Соседний дом, где жила пани Рогожова, принадлежал вдове директора школы. В мансарде в нескольких шкафах помещалась не одна тысяча книг из школьной библиотеки, главным образом для молодежи. После молниеносной победы немцев страну парализовало. Обычно учеба в школах возобновлялась 1 сентября. Но шел уже ноябрь, а школы только начали оживать. Многие вопросы оставались без ответа. Например, какова будет судьба книг на польском языке? Будут ли они подвергнуты цензуре? На всякий случай их держали в шкафах — к моей великой радости.
Я принимался за чтение сразу же по возвращении из школы и читал до сумерек, которые в ноябре начинались около четырех, а при хмурой погоде — и в два. Потом зажигали керосиновую лампу. Я читал, с перерывом на ужин, до самого сна. Читал не под лампой, а поодаль, на краю светового круга. Керосиновая лампа предназначалась женщинам, которые занимались готовкой на кухне, у печи. Рядом со мной толклись шестеро взрослых и пятеро детей в возрасте от года до четырех лет, но я ни на кого не обращал внимания. Благодаря книгам я чувствовал себя владыкой мира. И однажды вдруг ослеп.

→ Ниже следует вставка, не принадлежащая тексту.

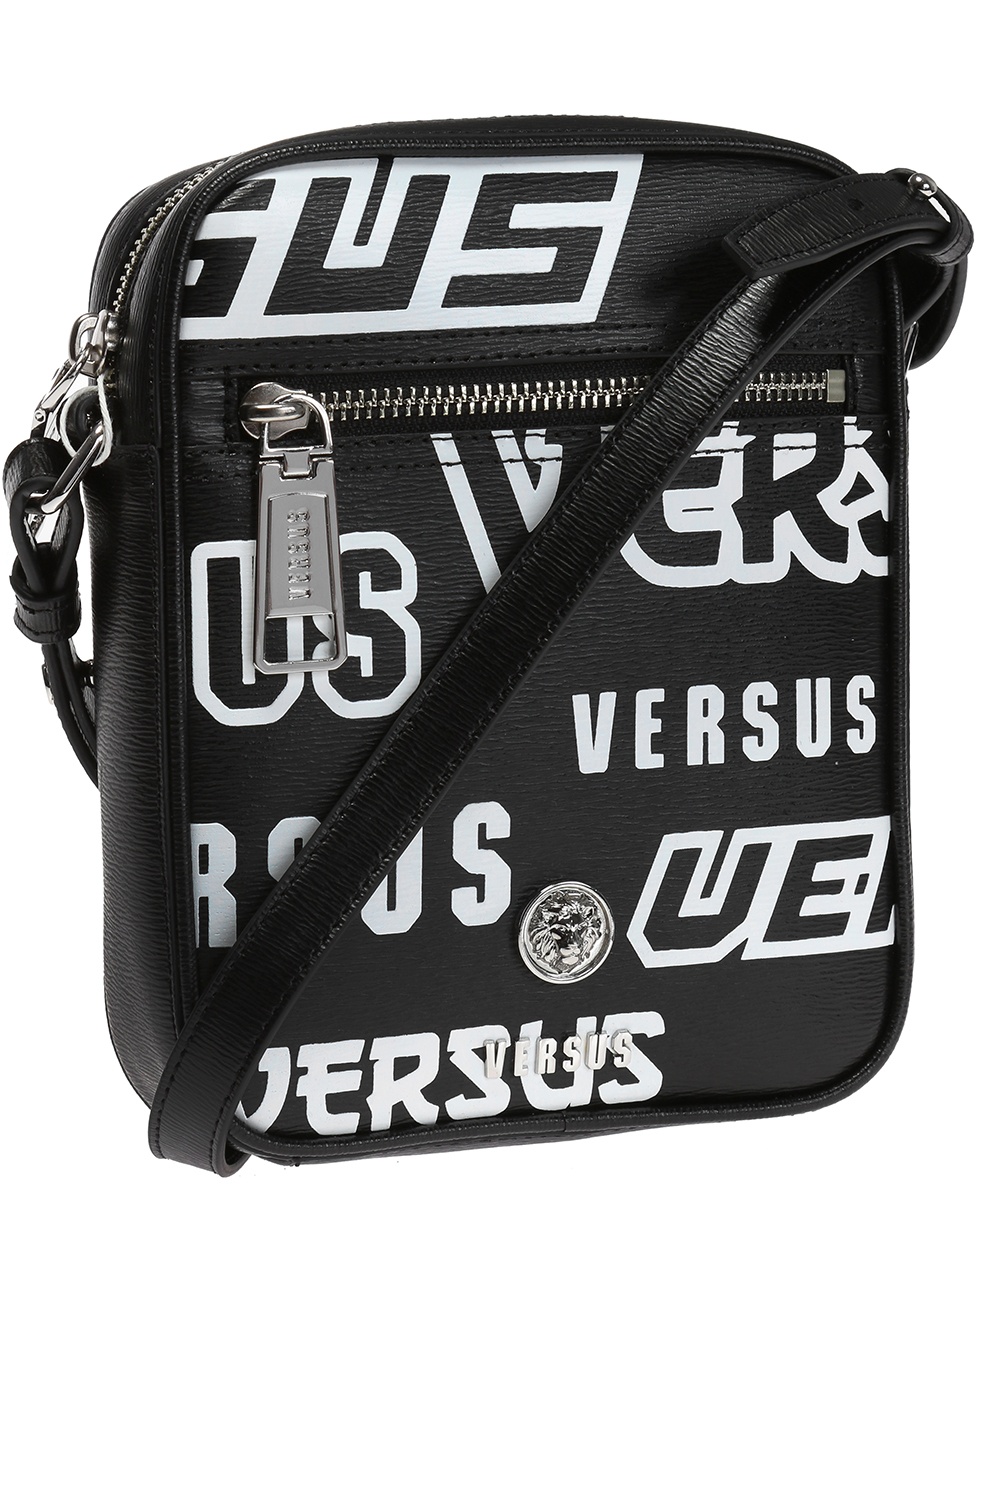 versus versace messenger bag

До сих пор не знаю, что со мной случилось. В Боженчине мысль о враче, тем более о враче-специалисте, казалась тогда настолько абсурдной, что никому и в голову не приходила. В радиусе шестидесяти километров не было ни одного врача. Я лежал неподвижно, мать меняла мне на глазах компрессы с ромашкой. Так я пролежал несколько дней, и слепота наконец начала постепенно отступать. Пришла весна, мир казался мне уже не таким скверным, и я забыл об этой напасти. Через три года, уже в Кракове, мать заметила, что я плохо вижу. Она пошла со мной в «соцстрах», кажется, на улице Батория. В результате проверки оказалось, что за последние три года зрение у меня ухудшилось — так появились первые в моей жизни очки.
Даже сегодня каждый поляк знает, что лечение по страховке доставляет больше хлопот, чем платное. К тому же шла война. Мать с большим трудом раздобыла для меня очки — конечно, еще довоенные: в роговой оправе, круглые и топорные. Других просто не было. Война длилась еще три года, но даже после войны, с приходом социализма, «временные трудности» в Польше затянулись очень надолго. Я рос, а очки по-прежнему сохраняли детский размер. Потом оправа сломалась, и я склеил ее «гансопластырем» (таких немецко-польских словечек ходило в те годы немало). Нормальные очки появились у меня, когда мне уже стукнуло двадцать один и я стал более везучим. Пишу об этом, чтобы напомнить, как трудно — порой на грани нищеты — мы тогда жили.